Looking into a massey Ferguson 4700 series tractor and a horst 4000 series 6 way blade. Anyone have any experience with this blade? I plow cottage roads and am worried about the parallel lift system approaching hills. Also it hangs way out the front of the tractor compared to a truck.


----------



## Mark Oomkes (Dec 10, 2000)

What in particular about the parallel lift concerns you? 
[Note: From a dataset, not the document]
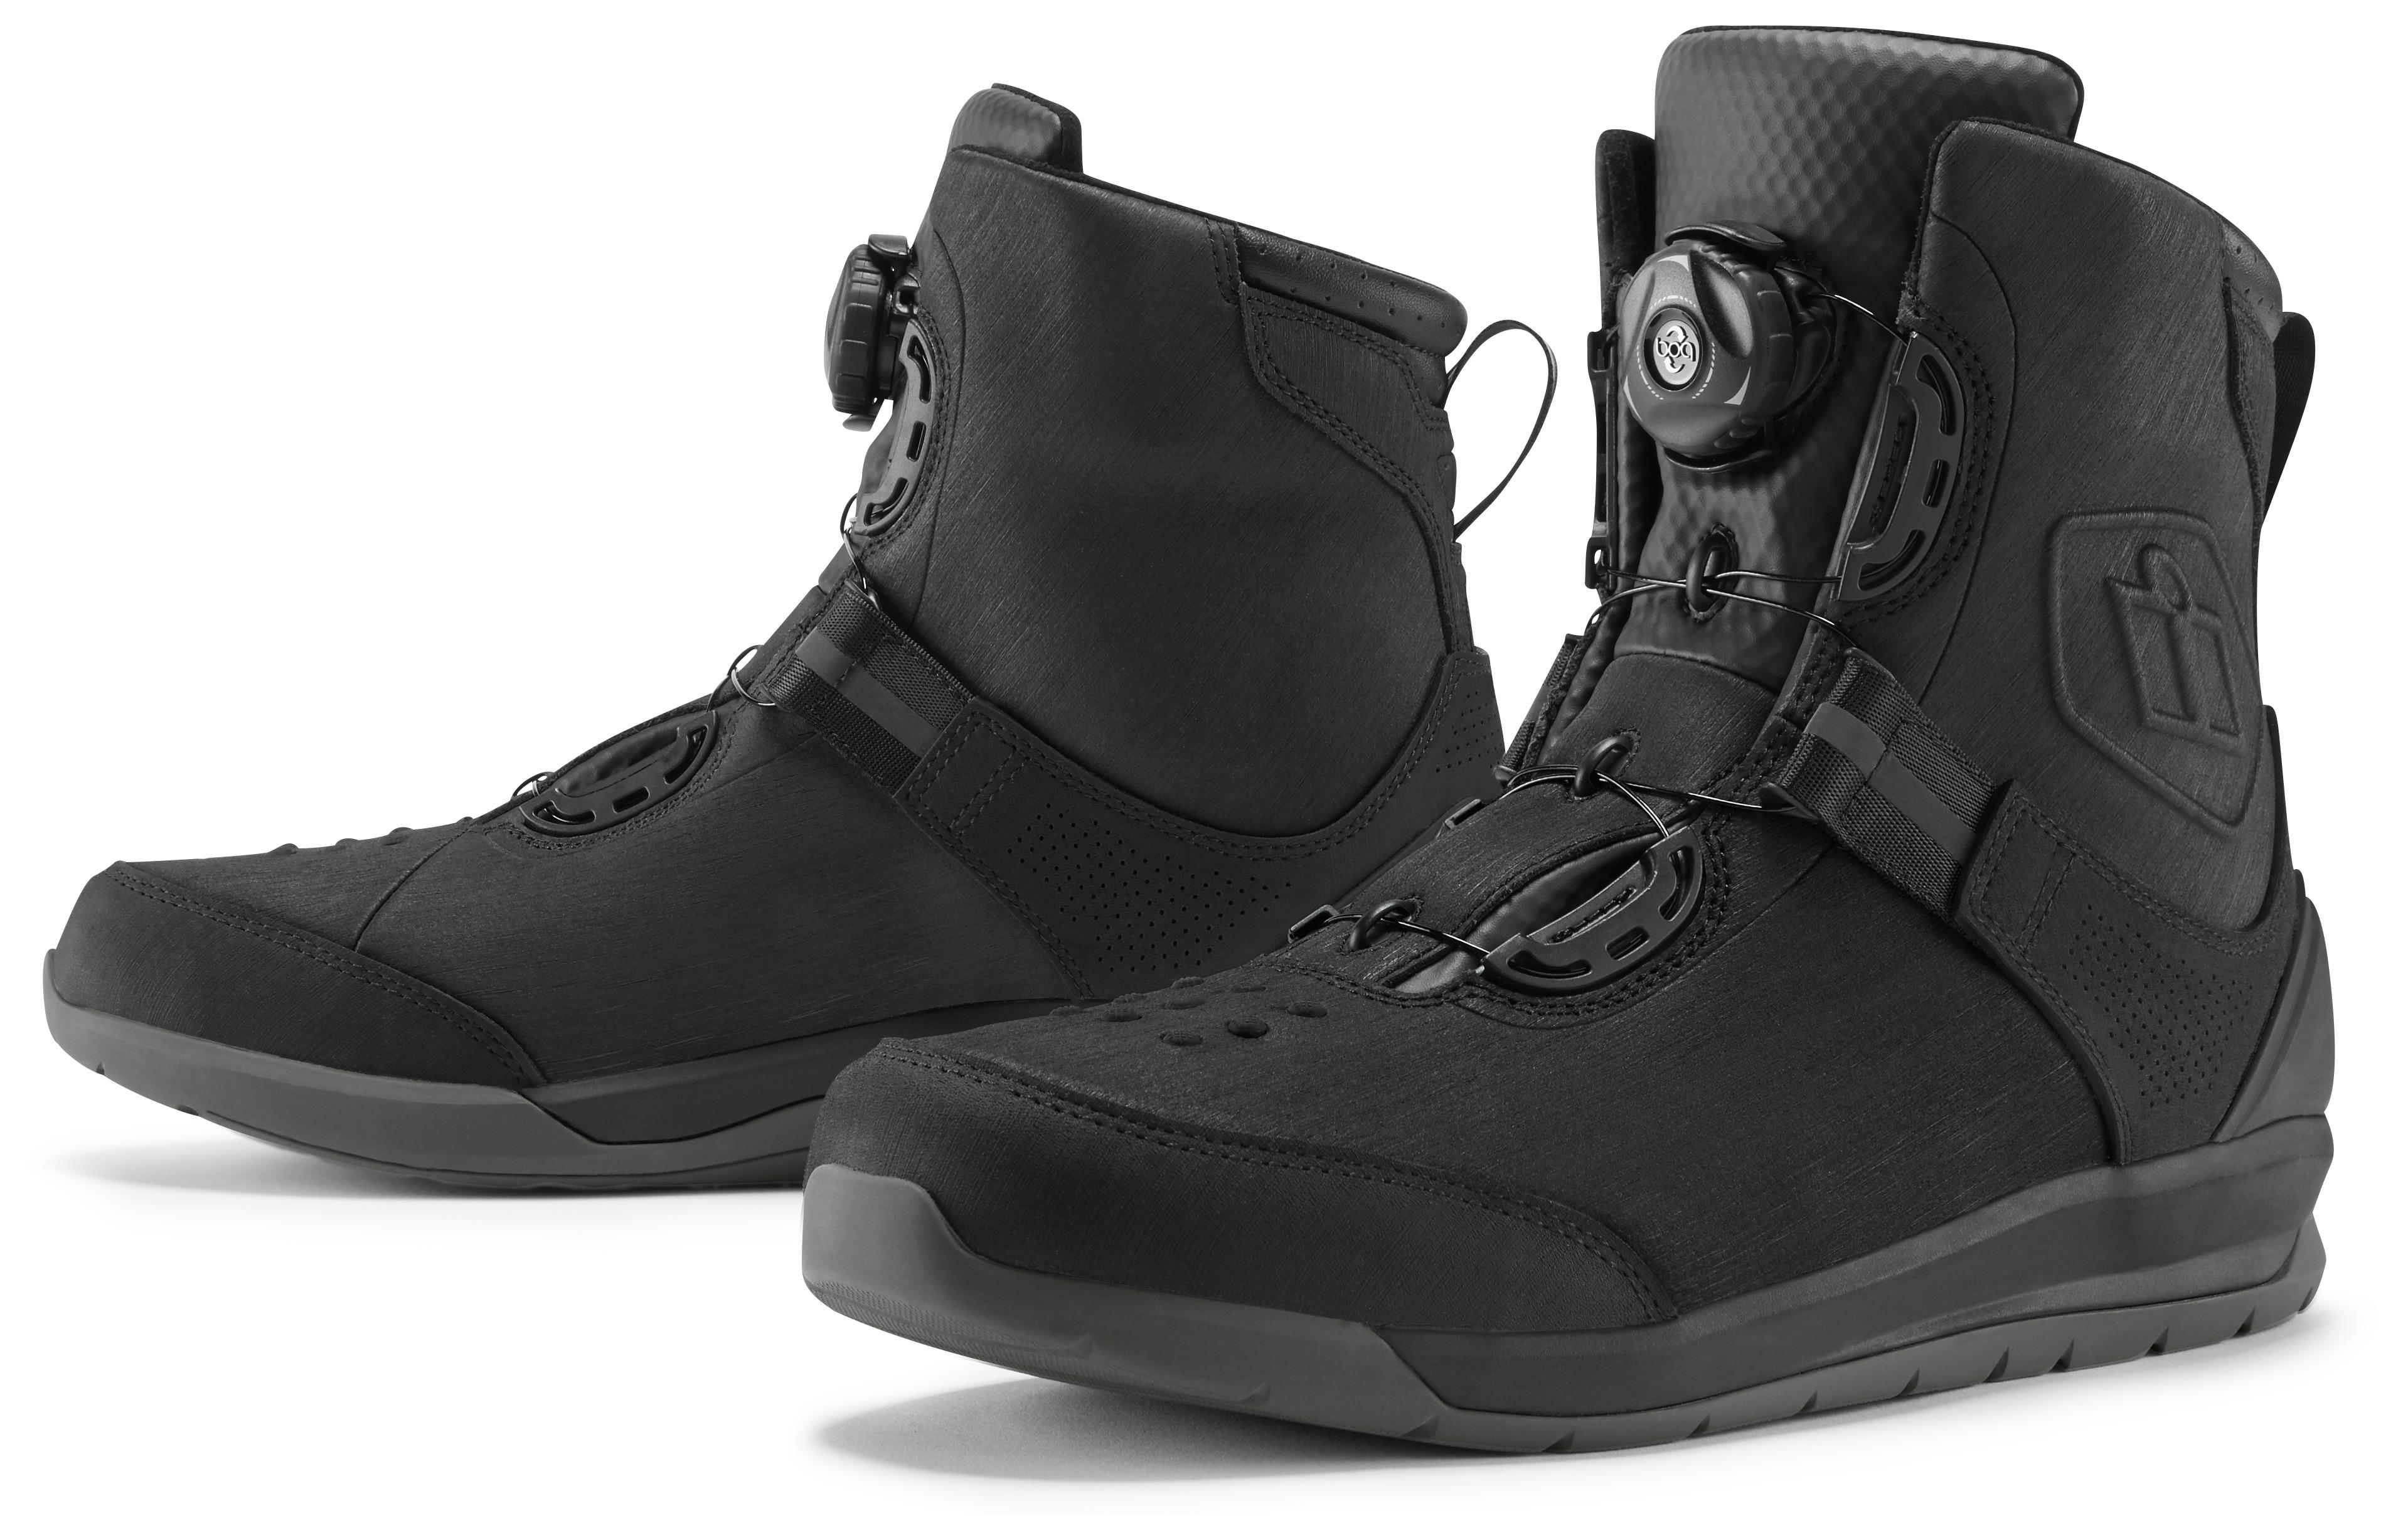 Icon Patrol 2 Boots - RevZilla 9705dbc607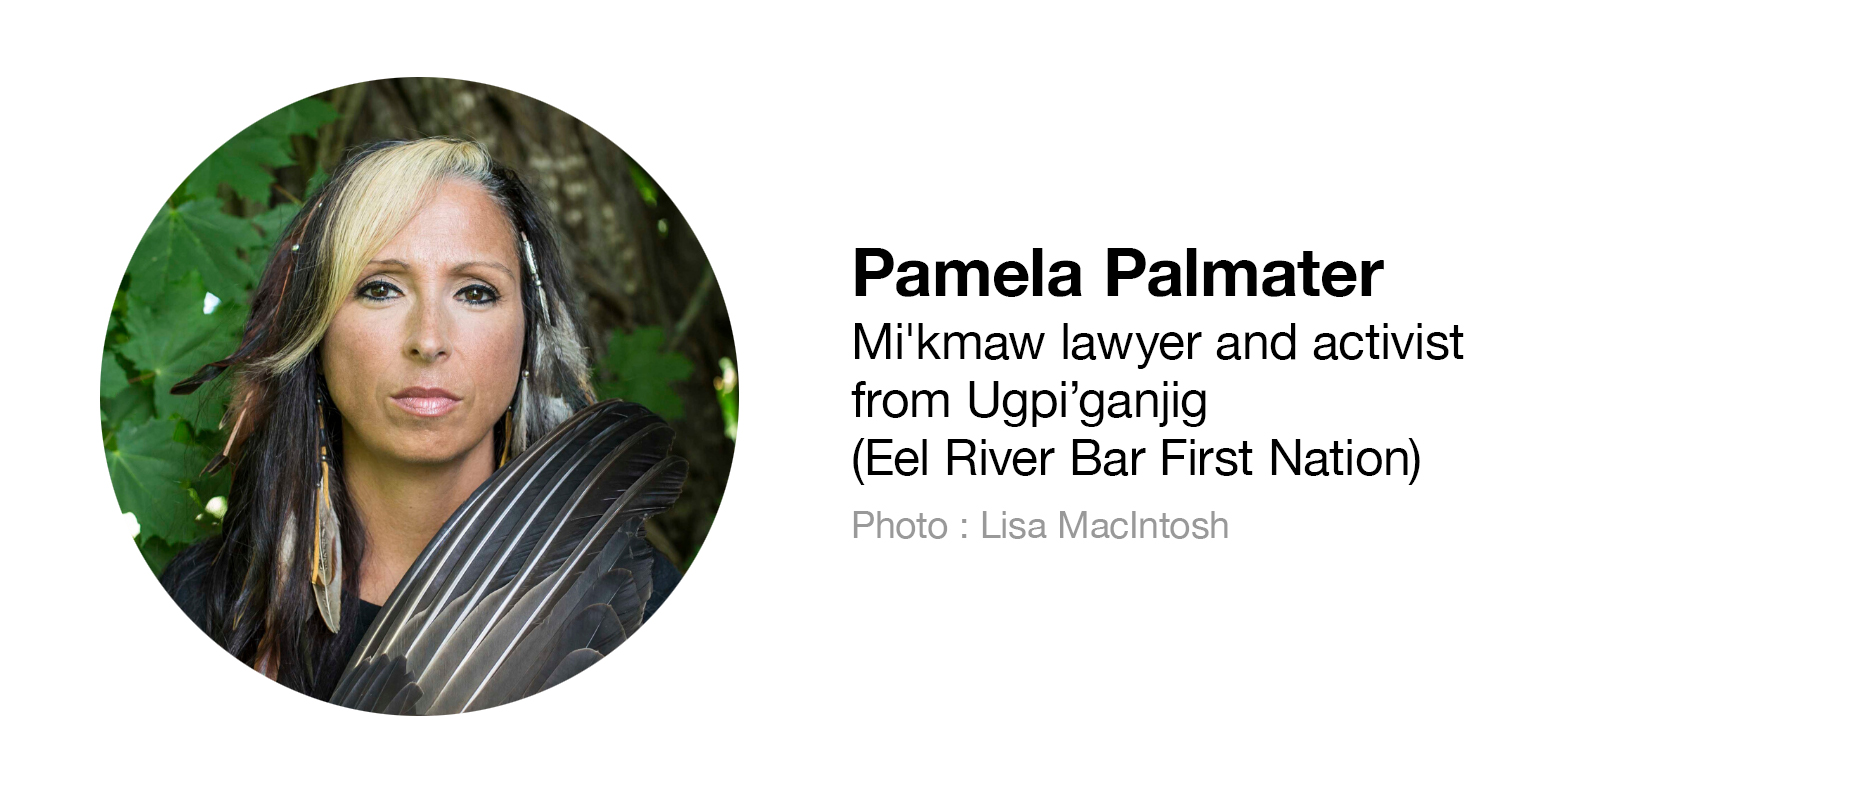 Mi'kmaw lawyer and activist from Ugpi'ganjig (Eel River Bar First Nation)

I love the Horst hitch on our Kubota...told Ebling numerous times it was far superior to the donkey "unit" setup they had for Daniels and even Blizzards.


----------



## DeVries (Nov 27, 2007)

Pless hitch is the best.


----------



## Hill town (Aug 25, 2017)

Because its a parallel lift not a radial like in a truck. As you start up a hill the angle of attack on the blade gets more and more aggressive until the front tires start uphill. Radial lifts don't do this. Also it hangs way off the front of a tractor. From the numbers I'm given I'd say close to 9 feet from the center of the front wheels.


----------



## grnleafgrnscape (Nov 30, 2013)

It's not the same, but I have 2 Boss 10 ft v plows with wing extensions on 6 series Deere tractors for 3 years now with zero issues. Only thing would be nice if they had an accumulator on them. 
In process of putting one on a v to try it.


----------



## Hill town (Aug 25, 2017)

I would do the same but none offer's a mount for this tractor. And tractor was a good deal


----------



## Hill town (Aug 25, 2017)

Does anyone make a tractor. Mount v plow other than hla I could check out?


----------



## grnleafgrnscape (Nov 30, 2013)

Boss only goes up to a 5 series. I made my mounts and used a regular wire harness. Didn't do any cutting so still can be used on a truck. Headlight adapters are same as Ford.


----------



## grnleafgrnscape (Nov 30, 2013)

Just used existing holes on tractor. In front bolted to holes for weight block and then on sides. Used 5/16 plate and then notched the bottom to accept the plow mount


----------



## Hill town (Aug 25, 2017)

Wanted to use tractor hydraulic. Is machinability still in business?


----------



## Hill town (Aug 25, 2017)

They are still in business. V35 uses a radial lift so its basically what I'm looking for. Waiting on a quote from them.


----------



## Mark Oomkes (Dec 10, 2000)

Hill town said:


> From the numbers I'm given I'd say close to 9 feet from the center of the front wheels.


Metric or imperial numbers?

If the wings are extended maybe. Although that seems a little on the high side.


----------



## Hill town (Aug 25, 2017)

9 feet doesn't have the option to be metric. Nope in straight blade configuration


----------



## Mark Oomkes (Dec 10, 2000)

So you're thinking of attaching the "A-frame" of the V plow to the lift of the HLA? 

I guess I could see it then, but then it would be much easier to fab up some plates as was suggested and use the lift mechanism on the plow. Far cheaper than a Machinability too.


----------



## Hill town (Aug 25, 2017)

That's not what I'm thinking at all these are the manufacturers dimensions.


----------